**Input data:**
Start of Block

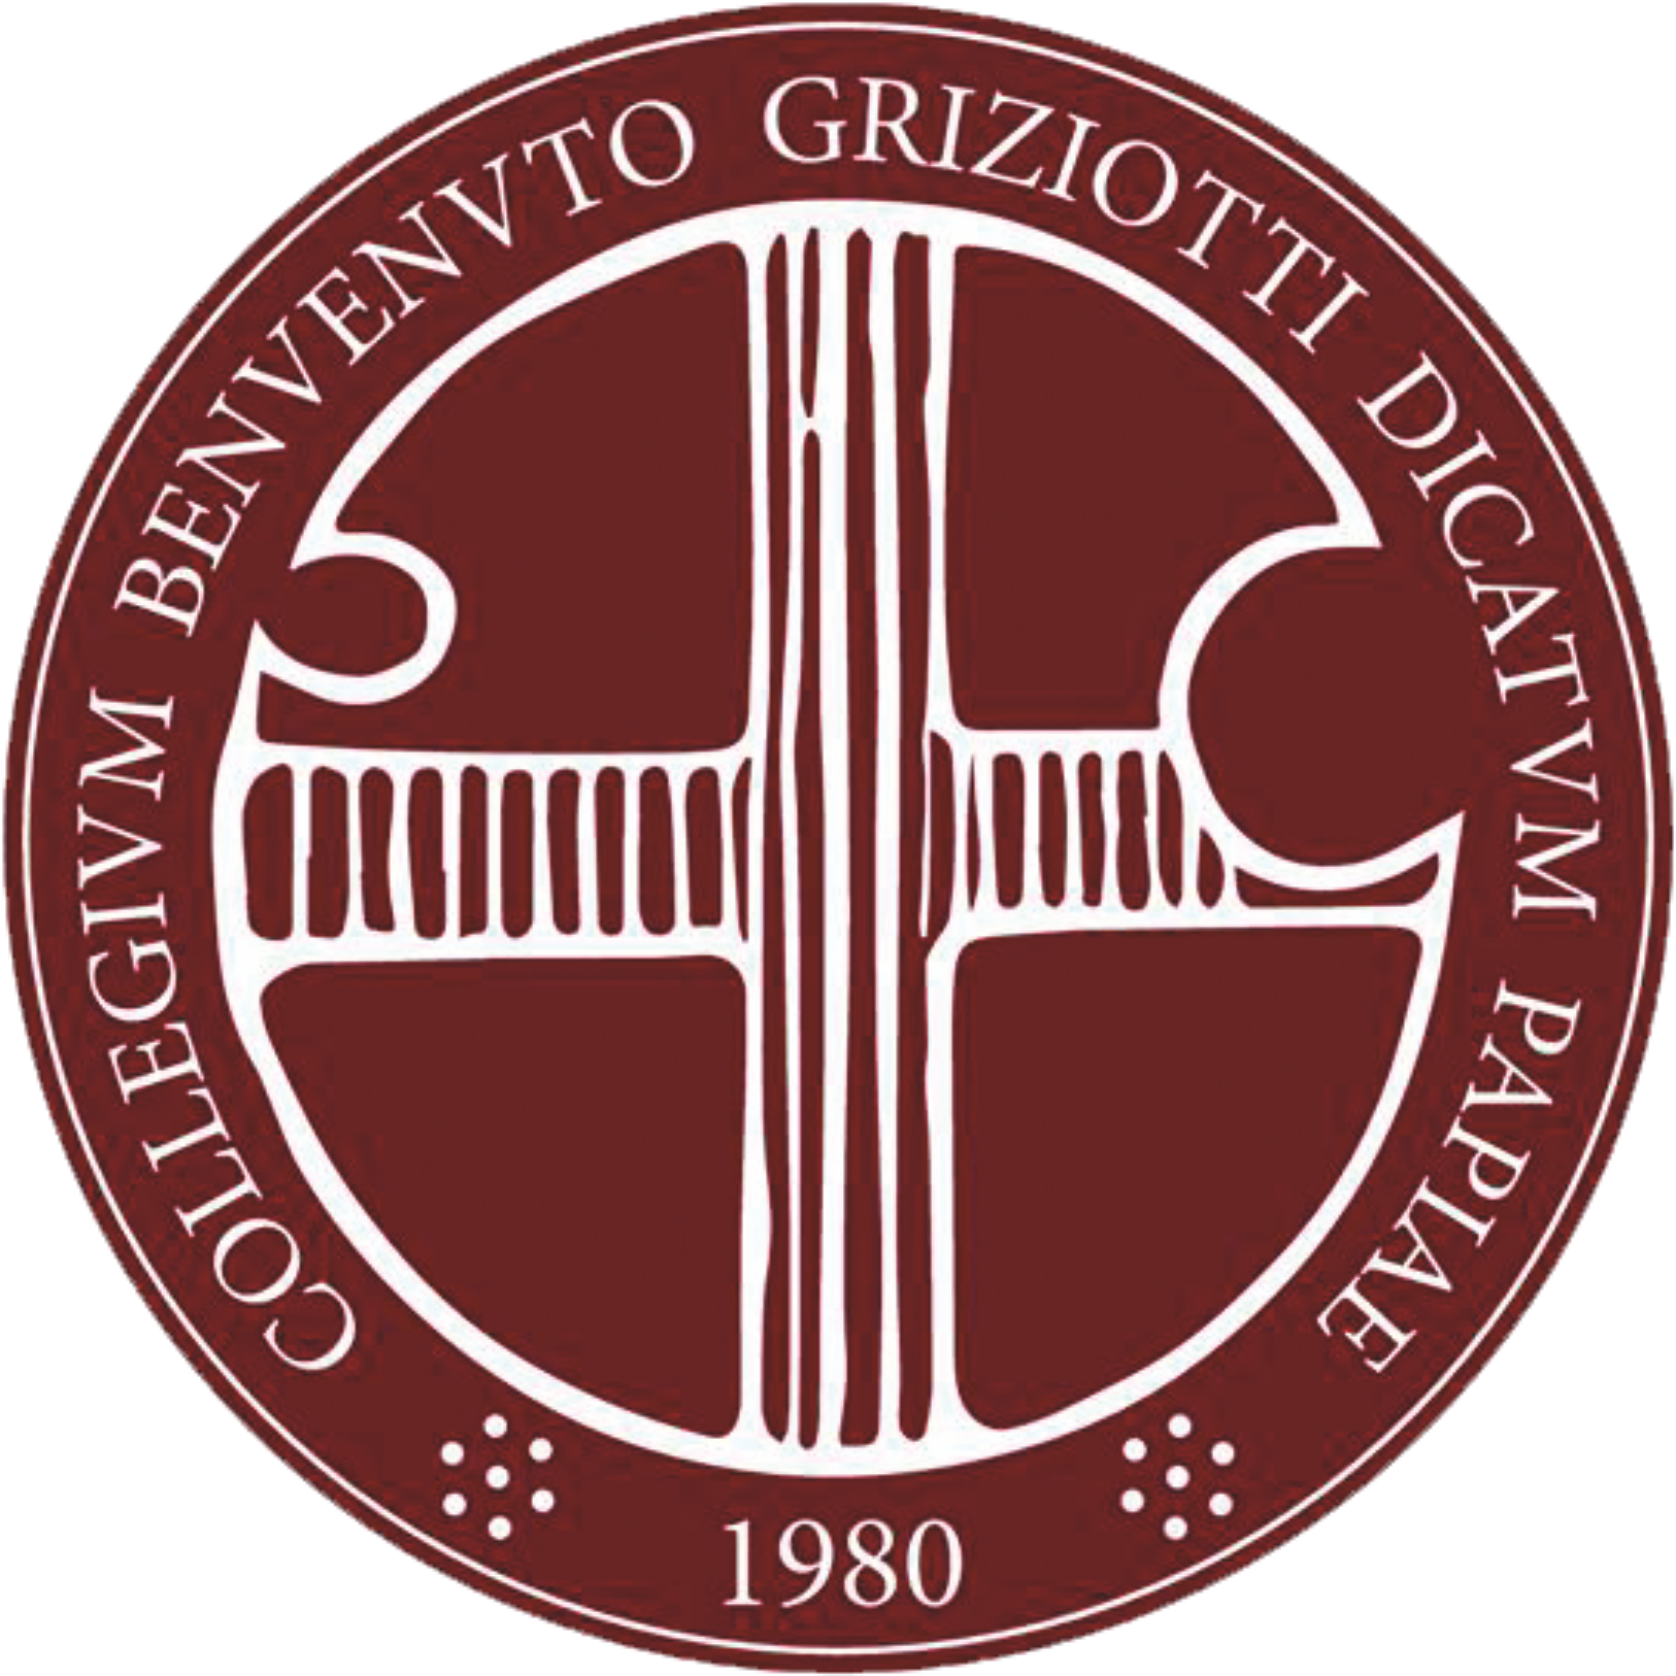 Collegio B. Griziotti
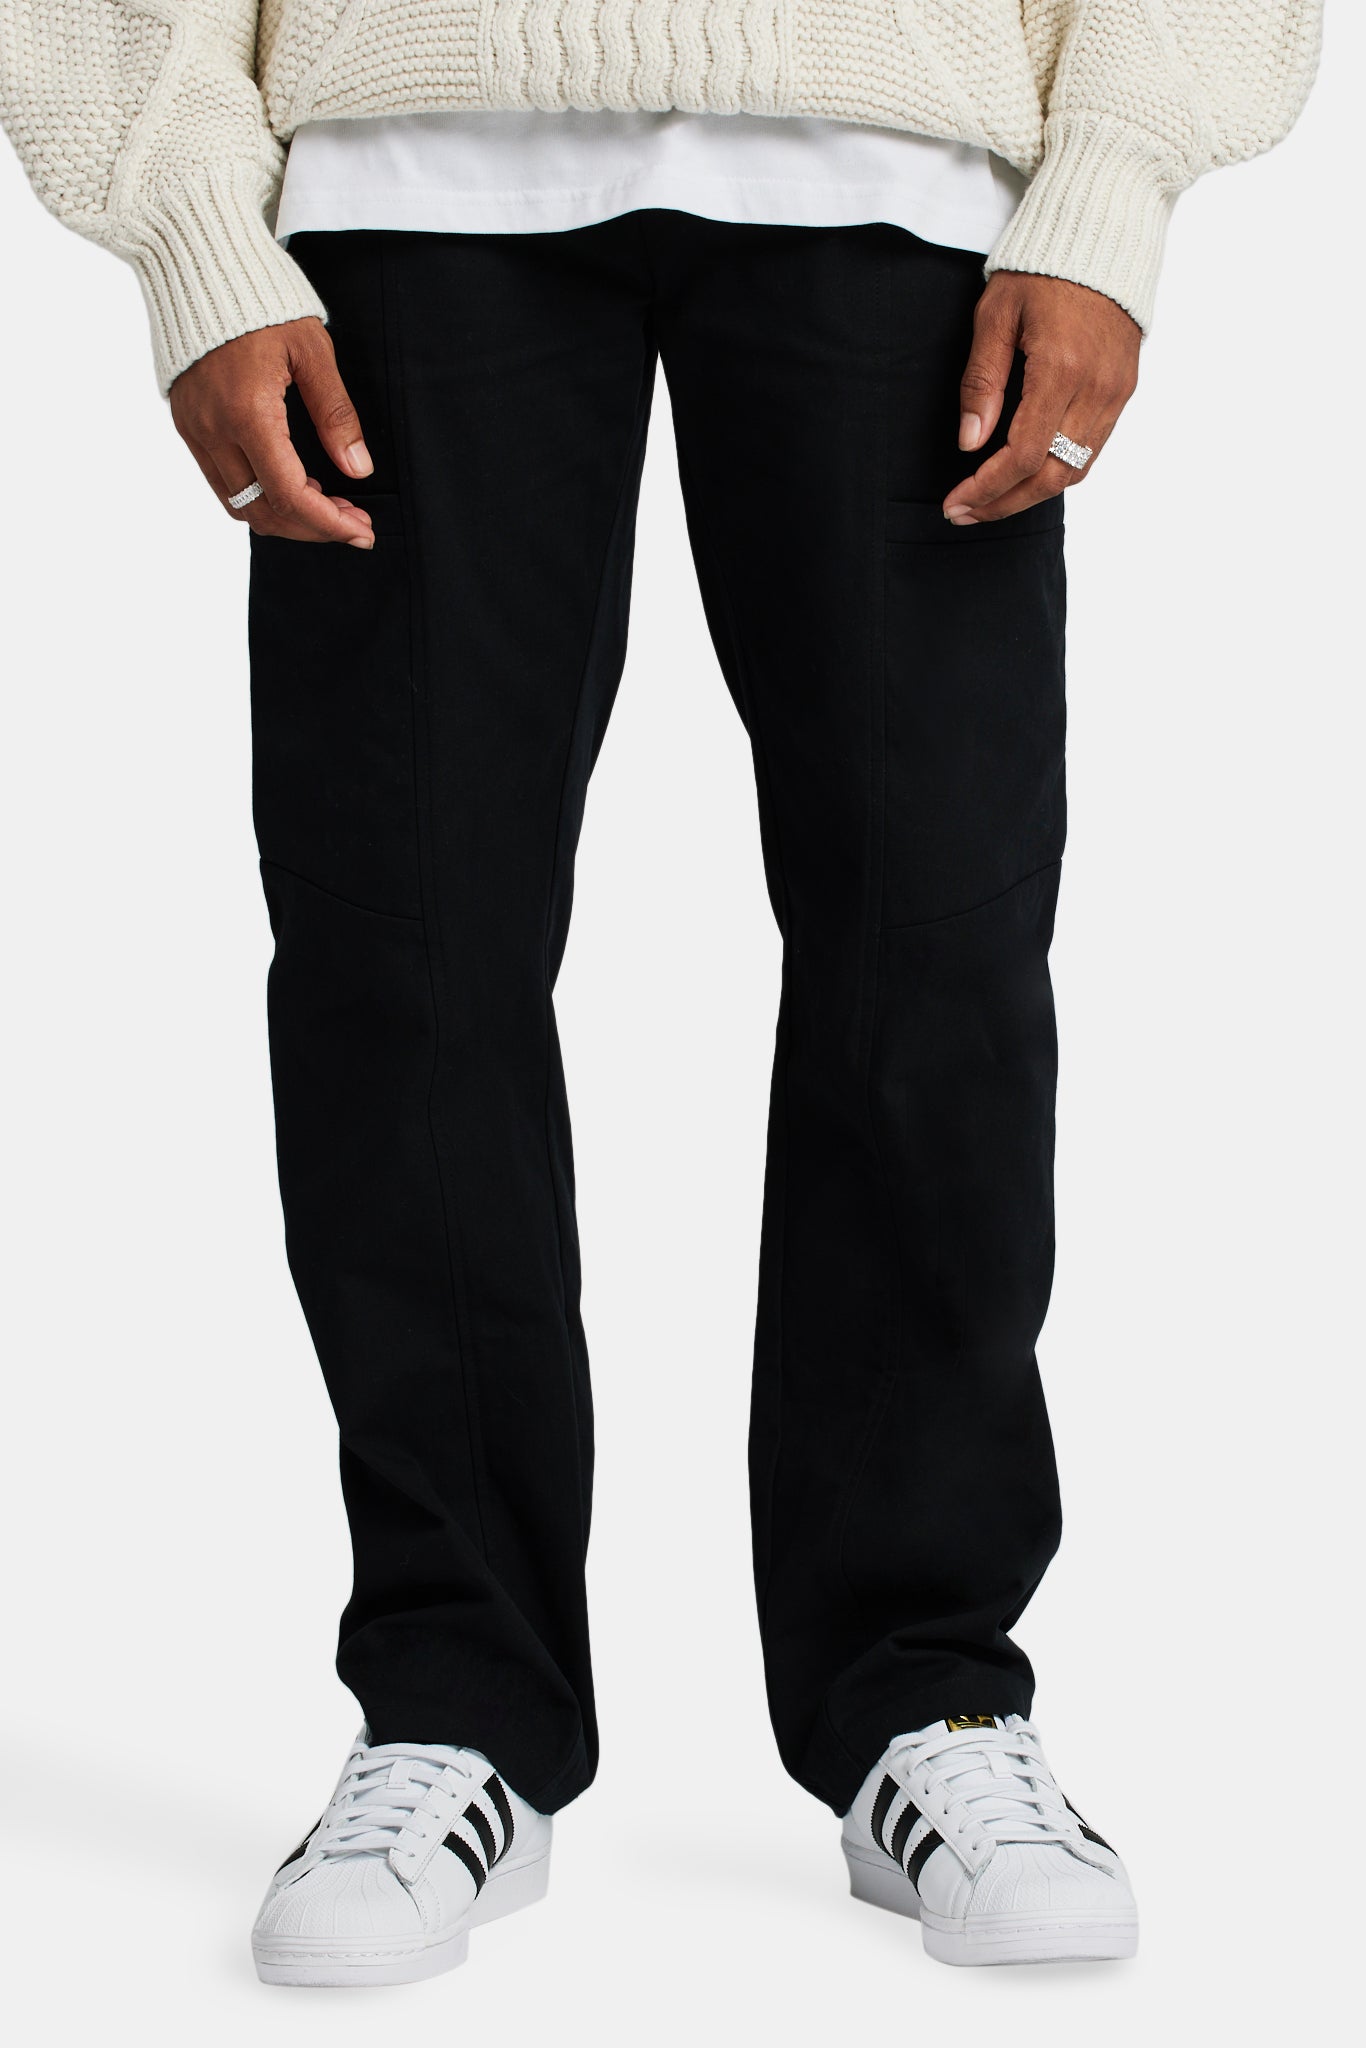 Cernucci Colectivo Varsity Cargo Trousers - Black | Mens Bottoms | Shop ...
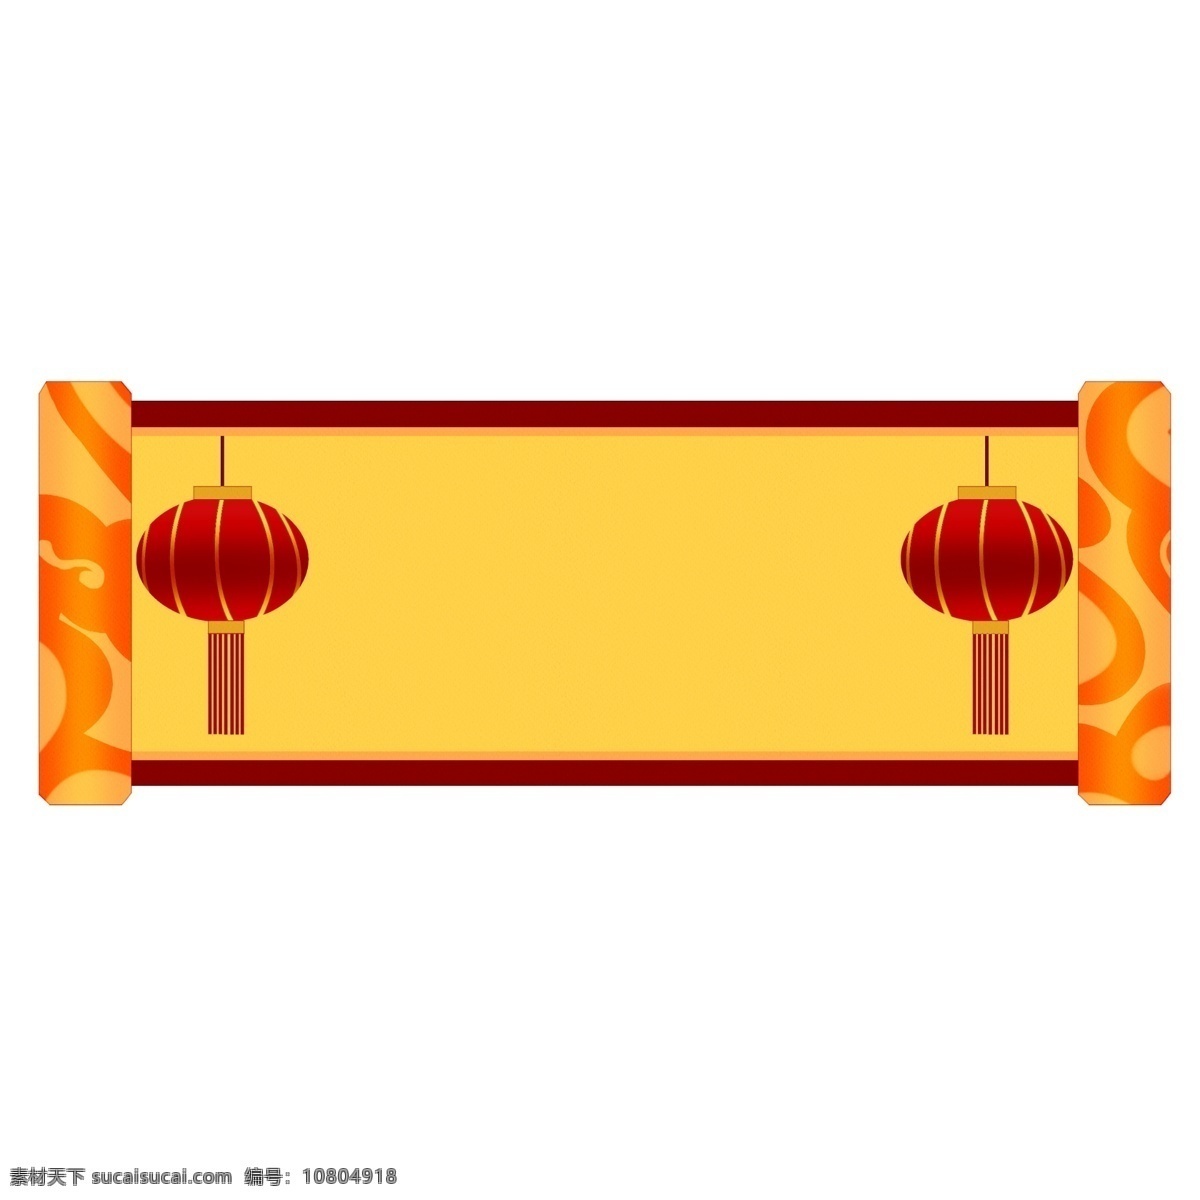 新年 红色 灯笼 边框 手绘卷轴边框 新年边框 手绘边框 灯笼边框 边框纹理 中国风边框 红色灯笼边框

End of Block

**What you need to do:** Quote exactly the lines from the one that contains "Cernucci Colectivo Varsity" through the end of the listing above, both ends included, leaving out the pictures.

**Exercise output:**
 Cernucci Colectivo Varsity Cargo Trousers - Black | Mens Bottoms | Shop ...
 新年 红色 灯笼 边框 手绘卷轴边框 新年边框 手绘边框 灯笼边框 边框纹理 中国风边框 红色灯笼边框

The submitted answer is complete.